I haven't forgotten you, just been spending a lot of the past few days thinking about your post and talking to my C about it. The situation I'm in right now is not a good one. I reached my goal of becoming H's best friend, but I feel that has also given him the incorrect assumption that I understand what he's doing with OW and that I'm ok with it on some level. Of course I am not. H is still clueless about a lot of things, though I do see a lot of growth.

But he still lives in that damn bubble where he and I can be best friends, remain married, but each see someone else and everything just stays peachy in oz. C and I discussed that this isn't a healthy situation and it's pretty frustrating for me. The other 3 people in this equation seem content to just wait and wait, but that's not healthy at a certain point either.

H and I are married. Yet we're both seeing other people and having big time relationships with each. Then why the hell are we married? That's not a marriage. The boat needs to get rocked and I think I'm the only one who's strong enough and has the peace of mind and understanding to do. Ah, what a great position that is to be in. C says H has never had any repercussions from this affair yet.

I have added to the confusion by becoming serious with OG too. On one hand, it was just part of getting on with my life after nearly a year. However, I'm still MARRIED and I don't want a divorce. H tells me same thing, he doesn't want a divorce. Well we're not mormons for god's sake.

I was going to take OG to a wedding, basically 'cause I didn't want to go alone. C brought up the fact that that is a major and somewhat ironic event to take someone too. She suggested I ask H to go and see what he says. She then suggested that since I'm starting to feel pressured by OG and frustrated by H that I distance from everything.
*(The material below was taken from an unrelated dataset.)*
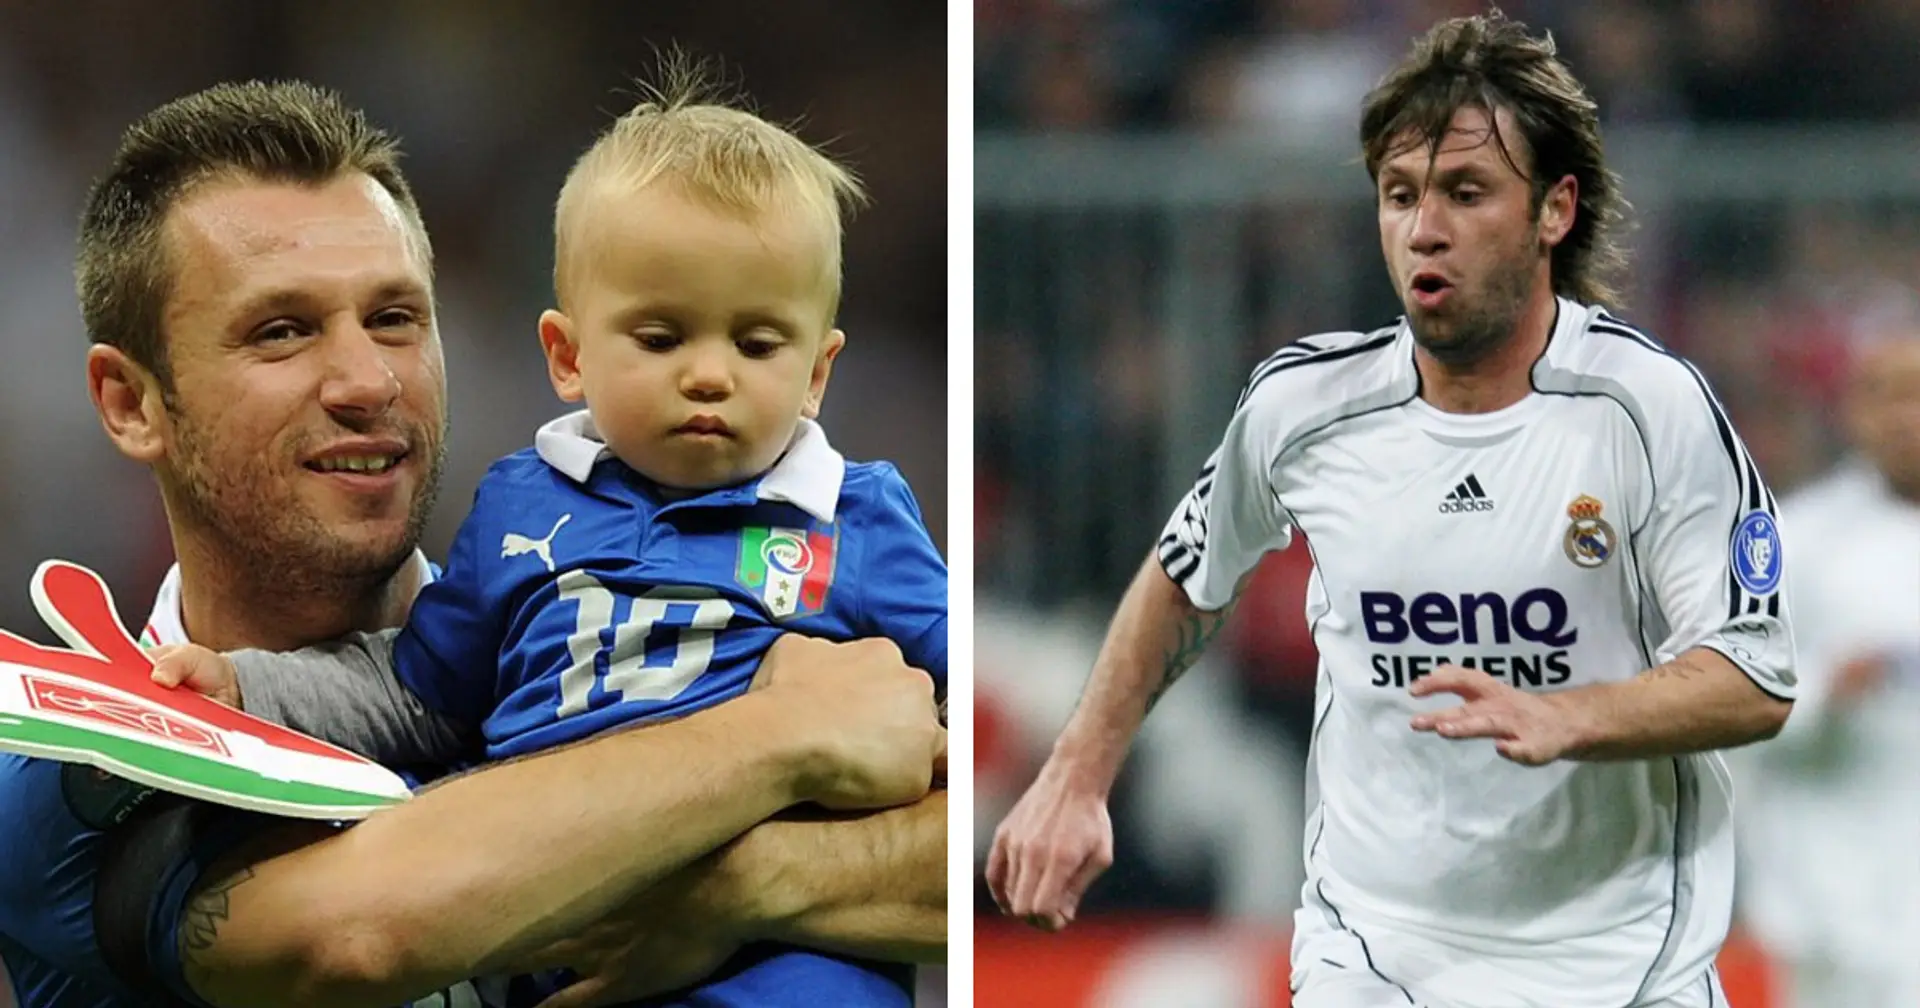 'In honour of my idol': Antonio Cassano's son is named after Leo Messi

What do you guys think about asking h to wedding. She said I'd at least have more info on where H stands after he answers (I think he'll say no).
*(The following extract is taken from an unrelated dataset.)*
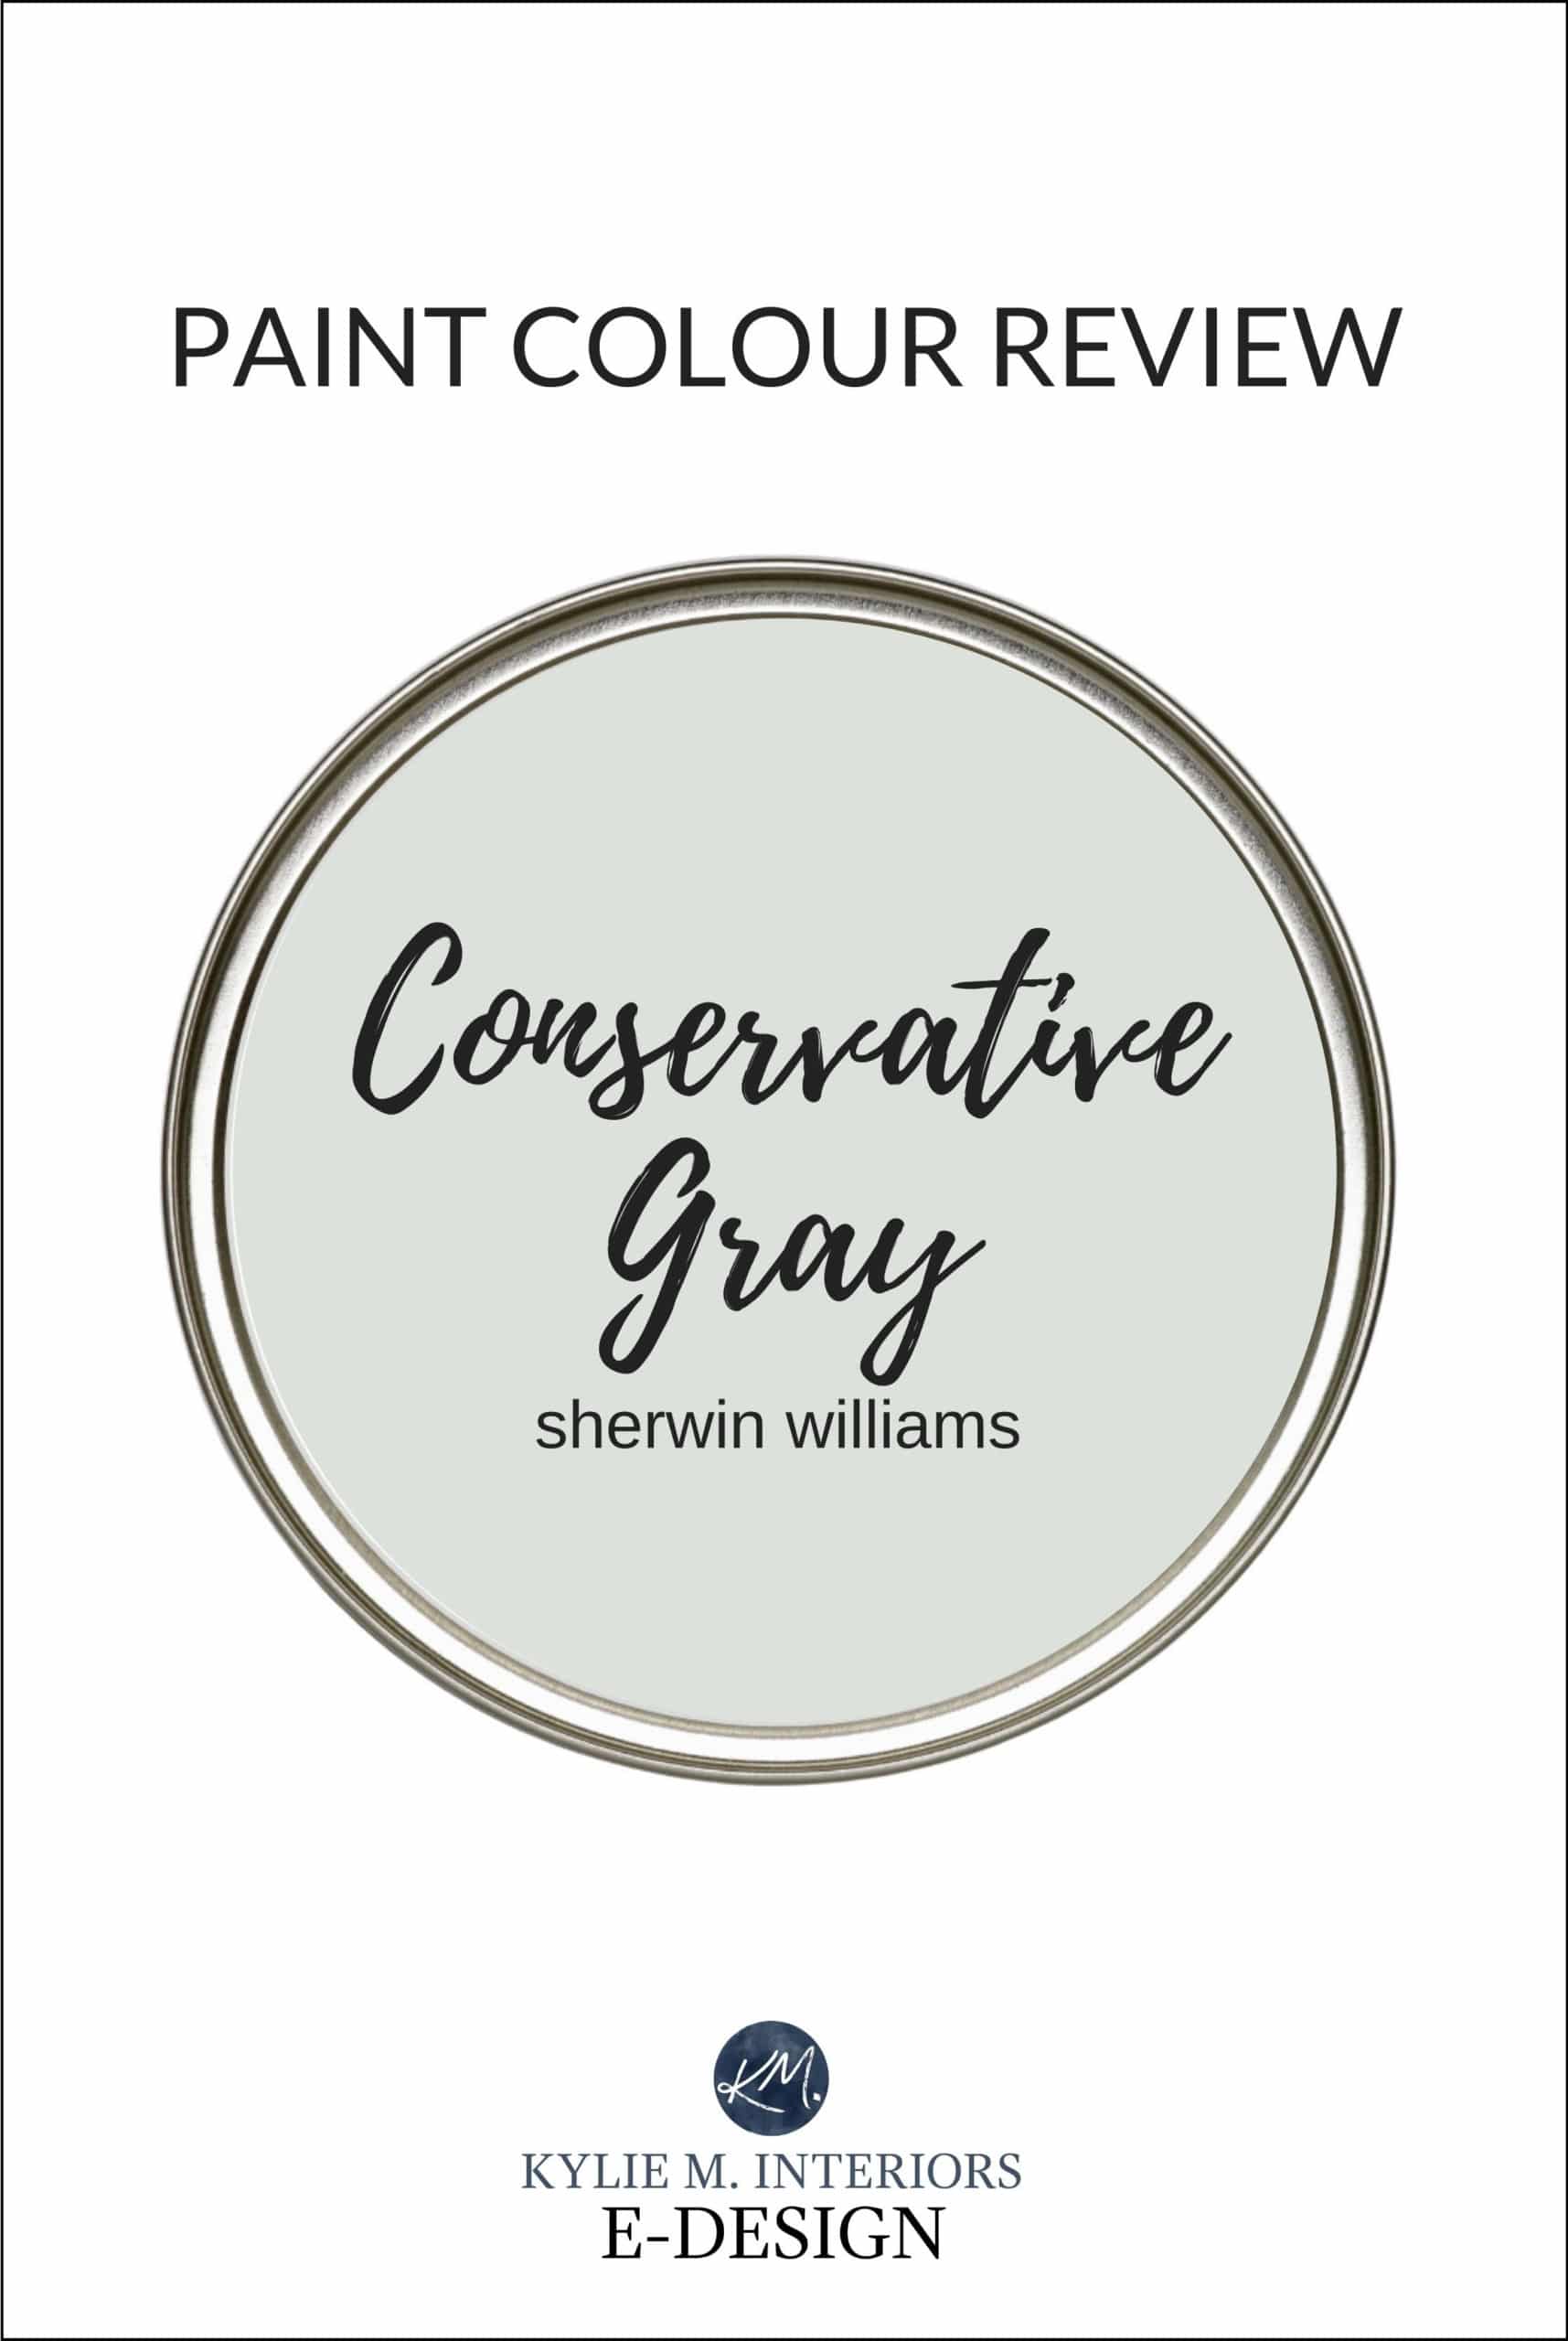 Paint colour review of best gray green paint colour, Sherwin Williams Conservative Gray. Kylie M Interiors Edesign, online paint color consulting and diy decorating advice

And as C pointed out, how can H be your best friend and be having an affair? That's not a real great friend. I know obvious, but those things get sort of lost in the insanity of it all. I would appreciate some advice. I have come to the point where I have to let H know I'm not ok with affair, although I would like to be his wife/friend, I can't do it with OW with him. That isn't realistic.

THis is suck a crappy position to be in. I have to distance from OG and H.

Thanks.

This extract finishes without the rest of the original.